__WHAT TO PRODUCE__
Would you retype every record below exactly as written?

__GIVEN INFORMATION__
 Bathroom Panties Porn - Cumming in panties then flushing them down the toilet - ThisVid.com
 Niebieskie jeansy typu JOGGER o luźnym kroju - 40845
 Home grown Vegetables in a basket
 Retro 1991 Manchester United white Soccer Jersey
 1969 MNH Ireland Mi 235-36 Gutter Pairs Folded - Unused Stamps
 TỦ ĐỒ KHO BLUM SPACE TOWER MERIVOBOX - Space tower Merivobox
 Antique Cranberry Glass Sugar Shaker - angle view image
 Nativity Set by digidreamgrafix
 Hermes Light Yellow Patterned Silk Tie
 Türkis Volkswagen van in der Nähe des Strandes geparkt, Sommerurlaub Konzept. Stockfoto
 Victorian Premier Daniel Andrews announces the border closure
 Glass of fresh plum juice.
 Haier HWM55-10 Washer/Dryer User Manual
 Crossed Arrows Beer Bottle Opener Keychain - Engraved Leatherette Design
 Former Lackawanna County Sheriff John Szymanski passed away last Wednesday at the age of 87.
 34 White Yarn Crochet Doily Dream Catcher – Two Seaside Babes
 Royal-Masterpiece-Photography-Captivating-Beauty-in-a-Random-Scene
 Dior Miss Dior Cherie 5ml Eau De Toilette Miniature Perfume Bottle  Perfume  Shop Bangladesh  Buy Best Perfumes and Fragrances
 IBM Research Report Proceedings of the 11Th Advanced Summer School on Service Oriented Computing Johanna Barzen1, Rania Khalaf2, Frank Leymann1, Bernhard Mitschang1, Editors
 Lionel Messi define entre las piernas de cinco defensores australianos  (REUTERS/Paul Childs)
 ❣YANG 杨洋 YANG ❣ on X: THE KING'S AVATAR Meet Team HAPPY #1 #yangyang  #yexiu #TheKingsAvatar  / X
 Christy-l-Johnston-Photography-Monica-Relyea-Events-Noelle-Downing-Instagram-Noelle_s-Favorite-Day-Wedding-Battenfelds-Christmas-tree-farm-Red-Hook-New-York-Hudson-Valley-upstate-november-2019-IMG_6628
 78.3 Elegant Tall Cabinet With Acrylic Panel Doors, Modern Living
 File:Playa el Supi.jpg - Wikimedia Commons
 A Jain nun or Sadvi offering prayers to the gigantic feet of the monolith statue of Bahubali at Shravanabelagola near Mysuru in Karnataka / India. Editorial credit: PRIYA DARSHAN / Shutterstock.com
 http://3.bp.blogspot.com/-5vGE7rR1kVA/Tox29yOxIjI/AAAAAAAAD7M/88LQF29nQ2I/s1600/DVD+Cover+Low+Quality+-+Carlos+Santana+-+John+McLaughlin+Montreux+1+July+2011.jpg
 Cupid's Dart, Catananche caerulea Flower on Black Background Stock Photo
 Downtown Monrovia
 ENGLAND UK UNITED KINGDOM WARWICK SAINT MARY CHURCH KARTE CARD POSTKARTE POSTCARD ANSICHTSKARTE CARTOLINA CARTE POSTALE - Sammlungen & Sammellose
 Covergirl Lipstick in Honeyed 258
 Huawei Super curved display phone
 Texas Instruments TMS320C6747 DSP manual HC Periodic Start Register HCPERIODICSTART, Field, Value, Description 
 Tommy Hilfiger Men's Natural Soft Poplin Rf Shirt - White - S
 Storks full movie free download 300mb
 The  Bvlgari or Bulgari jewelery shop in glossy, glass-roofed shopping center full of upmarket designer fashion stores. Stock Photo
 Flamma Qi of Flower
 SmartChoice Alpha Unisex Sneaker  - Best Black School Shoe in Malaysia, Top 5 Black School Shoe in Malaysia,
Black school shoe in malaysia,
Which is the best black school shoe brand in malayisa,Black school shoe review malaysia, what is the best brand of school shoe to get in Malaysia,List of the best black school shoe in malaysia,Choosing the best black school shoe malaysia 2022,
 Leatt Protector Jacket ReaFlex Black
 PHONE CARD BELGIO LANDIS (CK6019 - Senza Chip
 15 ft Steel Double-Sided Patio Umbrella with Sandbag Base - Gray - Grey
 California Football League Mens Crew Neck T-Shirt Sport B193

__PROBLEM SOLUTION__
 Bathroom Panties Porn - Cumming in panties then flushing them down the toilet - ThisVid.com
 Niebieskie jeansy typu JOGGER o luźnym kroju - 40845
 Home grown Vegetables in a basket
 Retro 1991 Manchester United white Soccer Jersey
 1969 MNH Ireland Mi 235-36 Gutter Pairs Folded - Unused Stamps
 TỦ ĐỒ KHO BLUM SPACE TOWER MERIVOBOX - Space tower Merivobox
 Antique Cranberry Glass Sugar Shaker - angle view image
 Nativity Set by digidreamgrafix
 Hermes Light Yellow Patterned Silk Tie
 Türkis Volkswagen van in der Nähe des Strandes geparkt, Sommerurlaub Konzept. Stockfoto
 Victorian Premier Daniel Andrews announces the border closure
 Glass of fresh plum juice.
 Haier HWM55-10 Washer/Dryer User Manual
 Crossed Arrows Beer Bottle Opener Keychain - Engraved Leatherette Design
 Former Lackawanna County Sheriff John Szymanski passed away last Wednesday at the age of 87.
 34 White Yarn Crochet Doily Dream Catcher – Two Seaside Babes
 Royal-Masterpiece-Photography-Captivating-Beauty-in-a-Random-Scene
 Dior Miss Dior Cherie 5ml Eau De Toilette Miniature Perfume Bottle  Perfume  Shop Bangladesh  Buy Best Perfumes and Fragrances
 IBM Research Report Proceedings of the 11Th Advanced Summer School on Service Oriented Computing Johanna Barzen1, Rania Khalaf2, Frank Leymann1, Bernhard Mitschang1, Editors
 Lionel Messi define entre las piernas de cinco defensores australianos  (REUTERS/Paul Childs)
 ❣YANG 杨洋 YANG ❣ on X: THE KING'S AVATAR Meet Team HAPPY #1 #yangyang  #yexiu #TheKingsAvatar  / X
 Christy-l-Johnston-Photography-Monica-Relyea-Events-Noelle-Downing-Instagram-Noelle_s-Favorite-Day-Wedding-Battenfelds-Christmas-tree-farm-Red-Hook-New-York-Hudson-Valley-upstate-november-2019-IMG_6628
 78.3 Elegant Tall Cabinet With Acrylic Panel Doors, Modern Living
 File:Playa el Supi.jpg - Wikimedia Commons
 A Jain nun or Sadvi offering prayers to the gigantic feet of the monolith statue of Bahubali at Shravanabelagola near Mysuru in Karnataka / India. Editorial credit: PRIYA DARSHAN / Shutterstock.com
 http://3.bp.blogspot.com/-5vGE7rR1kVA/Tox29yOxIjI/AAAAAAAAD7M/88LQF29nQ2I/s1600/DVD+Cover+Low+Quality+-+Carlos+Santana+-+John+McLaughlin+Montreux+1+July+2011.jpg
 Cupid's Dart, Catananche caerulea Flower on Black Background Stock Photo
 Downtown Monrovia
 ENGLAND UK UNITED KINGDOM WARWICK SAINT MARY CHURCH KARTE CARD POSTKARTE POSTCARD ANSICHTSKARTE CARTOLINA CARTE POSTALE - Sammlungen & Sammellose
 Covergirl Lipstick in Honeyed 258
 Huawei Super curved display phone
 Texas Instruments TMS320C6747 DSP manual HC Periodic Start Register HCPERIODICSTART, Field, Value, Description 
 Tommy Hilfiger Men's Natural Soft Poplin Rf Shirt - White - S
 Storks full movie free download 300mb
 The  Bvlgari or Bulgari jewelery shop in glossy, glass-roofed shopping center full of upmarket designer fashion stores. Stock Photo
 Flamma Qi of Flower
 SmartChoice Alpha Unisex Sneaker  - Best Black School Shoe in Malaysia, Top 5 Black School Shoe in Malaysia,
Black school shoe in malaysia,
Which is the best black school shoe brand in malayisa,Black school shoe review malaysia, what is the best brand of school shoe to get in Malaysia,List of the best black school shoe in malaysia,Choosing the best black school shoe malaysia 2022,
 Leatt Protector Jacket ReaFlex Black
 PHONE CARD BELGIO LANDIS (CK6019 - Senza Chip
 15 ft Steel Double-Sided Patio Umbrella with Sandbag Base - Gray - Grey
 California Football League Mens Crew Neck T-Shirt Sport B193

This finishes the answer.